From f7bb1b3f375d42b9ad955610251b2c1260f1a9a6 Mon Sep 17 00:00:00 2001
From: Sumit Bose <sb...@redhat.com>
Date: Fri, 7 Feb 2020 20:32:45 +0100
Subject: [PATCH 2/2] ssh: add 'no_rules' and 'all_rules' to
 ssh_use_certificate_matching_rules

To make ssh_use_certificate_matching_rules option more flexible and
predictable the keywords 'all_rules' and 'no_rules' are added.
'no_rules' can be used to allow all certificates.

If rules names are given but no matching rules can be found this is
considered an error and no ssh keys will be derived from the
certificates.

Related to https://pagure.io/SSSD/sssd/issue/4121
---
 src/man/sssd.conf.5.xml         |  16 +++--
 src/responder/ssh/ssh_cmd.c     |  33 ++++++---
 src/responder/ssh/ssh_private.h |   1 +
 src/responder/ssh/ssh_reply.c   |   8 +++
 src/tests/cmocka/test_ssh_srv.c | 122 +++++++++++++++++++++++++++++++-
 5 files changed, 165 insertions(+), 15 deletions(-)

diff --git a/src/man/sssd.conf.5.xml b/src/man/sssd.conf.5.xml
index ef07c43d37..f71fbf4aa7 100644
--- a/src/man/sssd.conf.5.xml
+++ b/src/man/sssd.conf.5.xml
@@ -1760,12 +1760,20 @@ p11_uri = library-description=OpenSC%20smartcard%20framework;slot-id=2
                             will be ignored.
                         </para>
                         <para>
-                            If a non-existing rule name is given all rules will
-                            be ignored and all available certificates will be
-                            used to derive ssh keys.
+                            There are two special key words 'all_rules' and
+                            'no_rules' which will enable all or no rules,
+                            respectively.
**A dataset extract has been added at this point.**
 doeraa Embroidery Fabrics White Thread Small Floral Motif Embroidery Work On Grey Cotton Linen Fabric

The latter means that no certificates
+                            will be filtered out and ssh keys will be generated
+                            from all valid certificates.
                         </para>
                         <para>
-                            Default: not set, all found rules are used
+                            A non-existing rule name is considered an error.
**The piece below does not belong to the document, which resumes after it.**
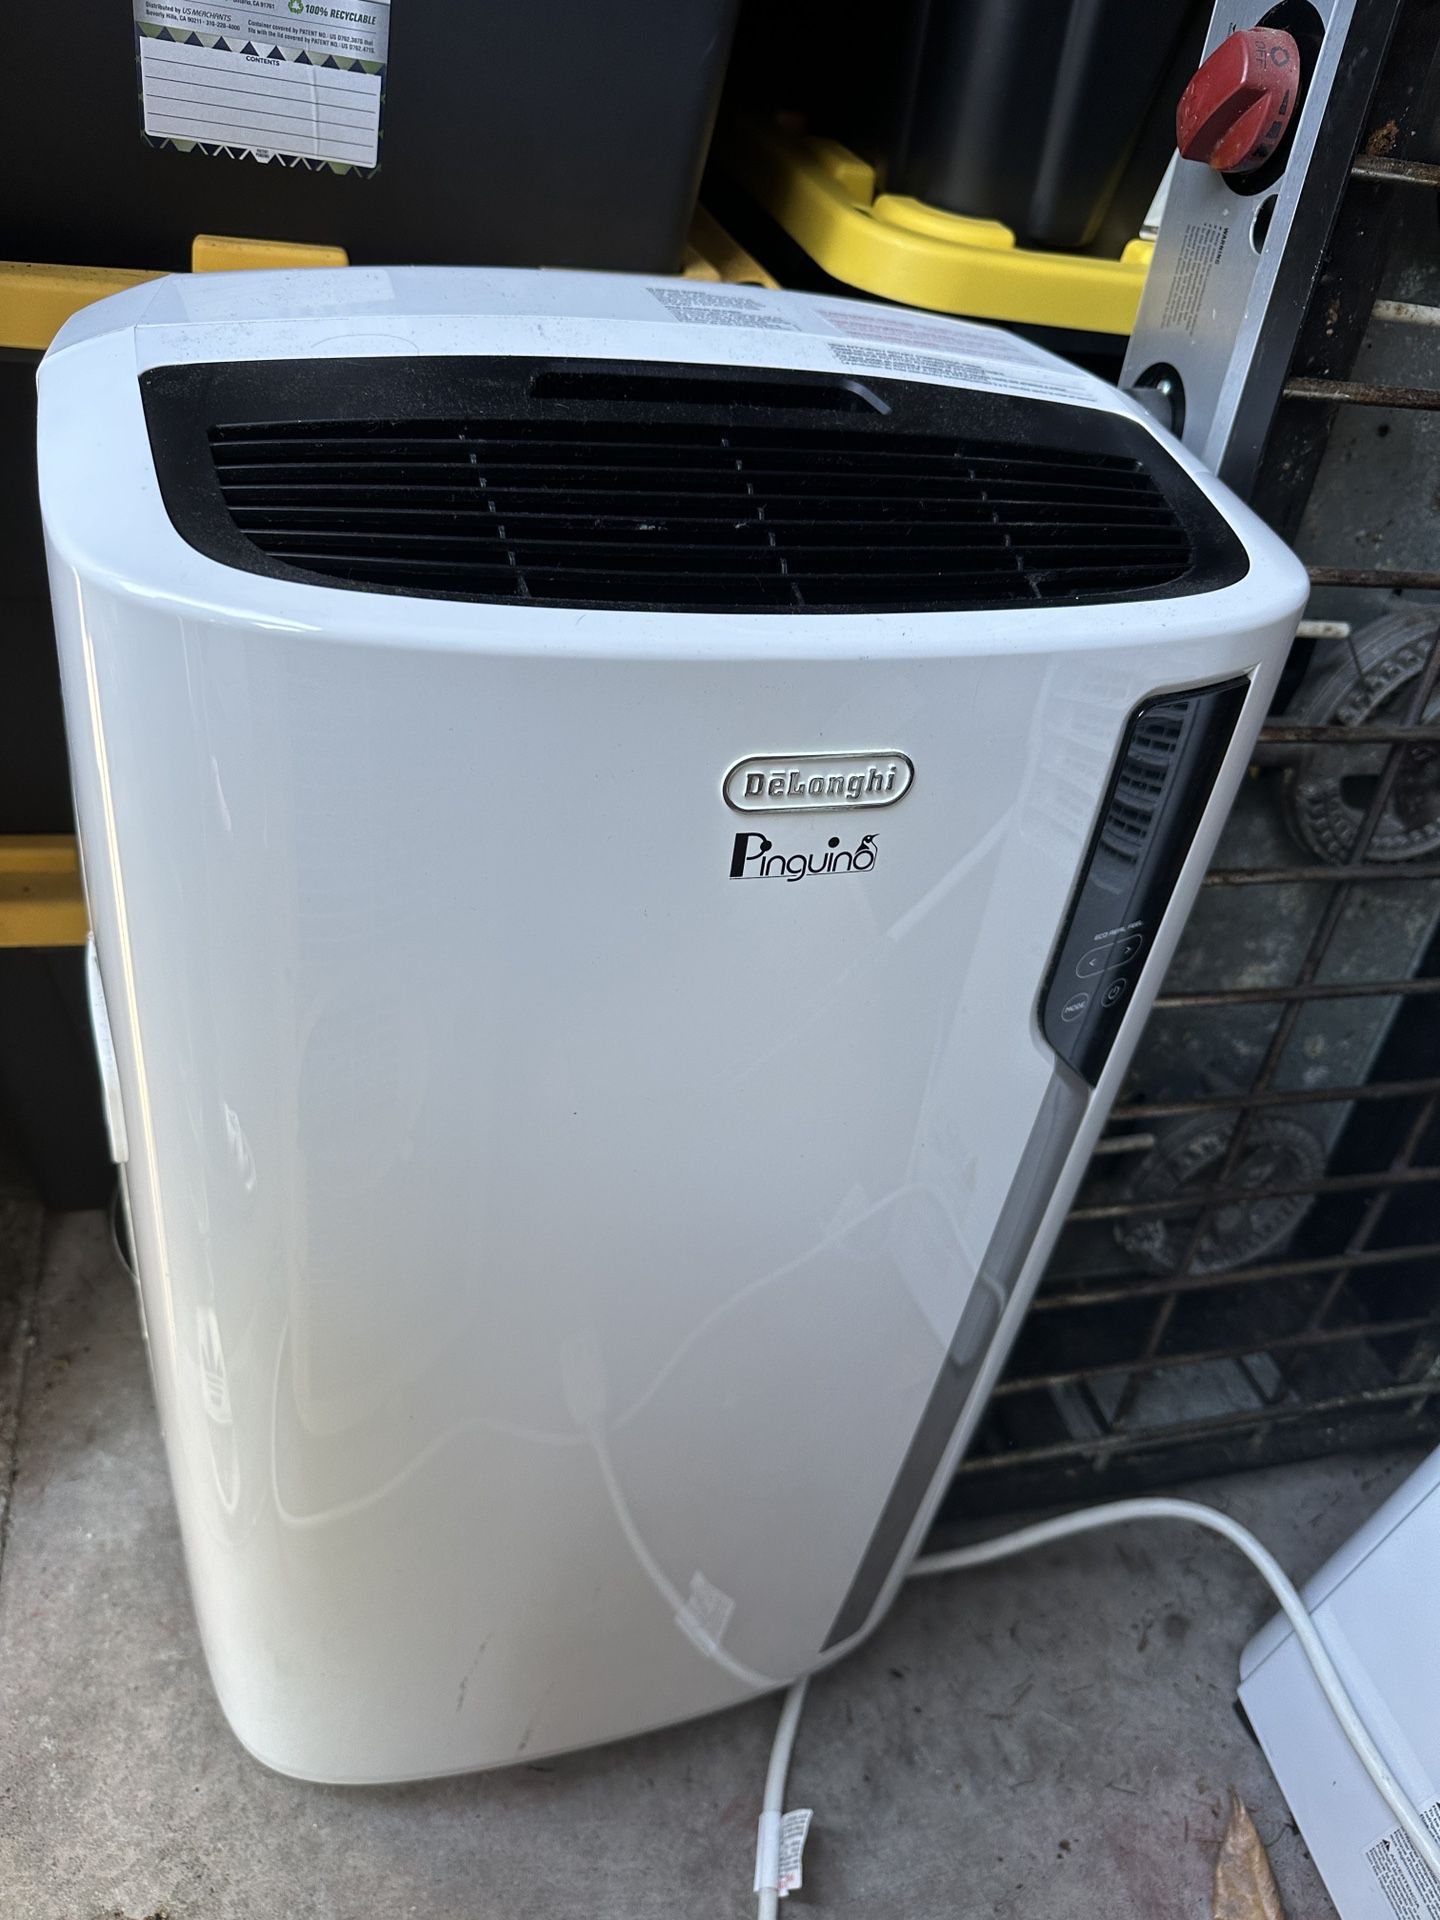 AC. Air-Conditioning And Dehumidifier.

+                            If as a result no rule is selected all certificates
+                            will be ignored.
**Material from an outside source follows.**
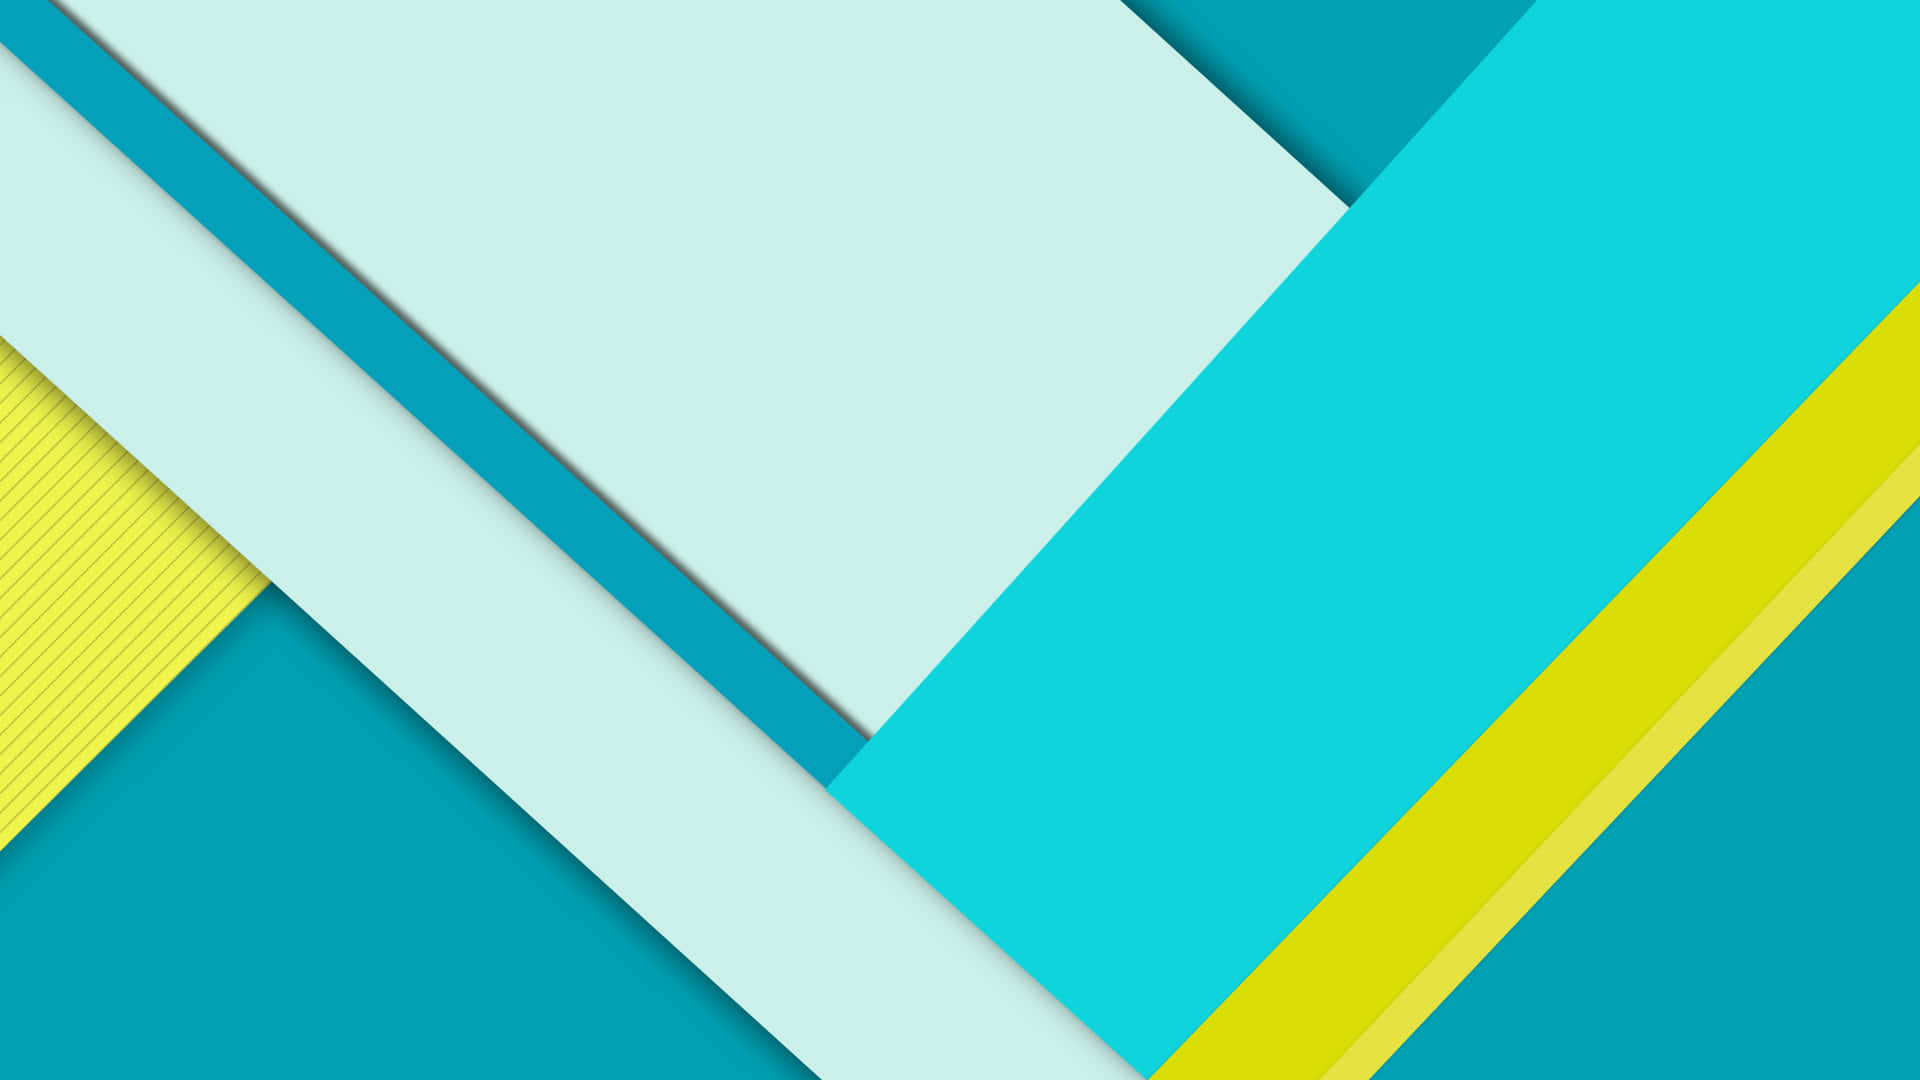 Enjoy the beauty of Material Design with this high-resolution wallpaper

+                        </para>
+                        <para>
+                            Default: not set, equivalent to 'all_rules,
+                            all found rules are used
                         </para>
                     </listitem>
                 </varlistentry>
diff --git a/src/responder/ssh/ssh_cmd.c b/src/responder/ssh/ssh_cmd.c
index 09f9b73b63..d1e7c667b1 100644
--- a/src/responder/ssh/ssh_cmd.c
+++ b/src/responder/ssh/ssh_cmd.c
@@ -157,10 +157,26 @@ static errno_t ssh_cmd_refresh_certmap_ctx(struct ssh_ctx *ssh_ctx,
     size_t c;
     int ret;
     bool rule_added;
+    bool all_rules = false;
+    bool no_rules = false;
+
+    ssh_ctx->cert_rules_error = false;
+
+    if (ssh_ctx->cert_rules == NULL || ssh_ctx->cert_rules[0] == NULL) {
+        all_rules = true;
+    } else if (ssh_ctx->cert_rules[0] != NULL
+                    && ssh_ctx->cert_rules[1] == NULL) {
+        if (strcmp(ssh_ctx->cert_rules[0], "all_rules") == 0) {
+            all_rules = true;
+        } else if (strcmp(ssh_ctx->cert_rules[0], "no_rules") == 0) {
+            no_rules = true;
+        }
+    }
 
     if (!ssh_ctx->use_cert_keys
             || ssh_ctx->certmap_last_read
-                    >= ssh_ctx->rctx->get_domains_last_call.tv_sec) {
+                    >= ssh_ctx->rctx->get_domains_last_call.tv_sec
+            || no_rules) {
         DEBUG(SSSDBG_TRACE_ALL, "No certmap update needed.\n");
         return EOK;
     }
@@ -180,9 +196,8 @@ static errno_t ssh_cmd_refresh_certmap_ctx(struct ssh_ctx *ssh_ctx,
 
         for (c = 0; certmap_list[c] != NULL; c++) {
 
-            if (ssh_ctx->cert_rules != NULL
-                        && !string_in_list(certmap_list[c]->name,
-                                           ssh_ctx->cert_rules, true)) {
+            if (!all_rules && !string_in_list(certmap_list[c]->name,
+                                              ssh_ctx->cert_rules, true)) {
                 DEBUG(SSSDBG_TRACE_ALL, "Skipping matching rule [%s], it is "
                       "not listed in the ssh_use_certificate_matching_rules "
                       "option.\n", certmap_list[c]->name);
@@ -212,11 +227,12 @@ static errno_t ssh_cmd_refresh_certmap_ctx(struct ssh_ctx *ssh_ctx,
     }
 
     if (!rule_added) {
-        DEBUG(SSSDBG_TRACE_ALL,
-              "No matching rule added, all certificates will be used.\n");
+        DEBUG(SSSDBG_CONF_SETTINGS,
+              "No matching rule added, please check "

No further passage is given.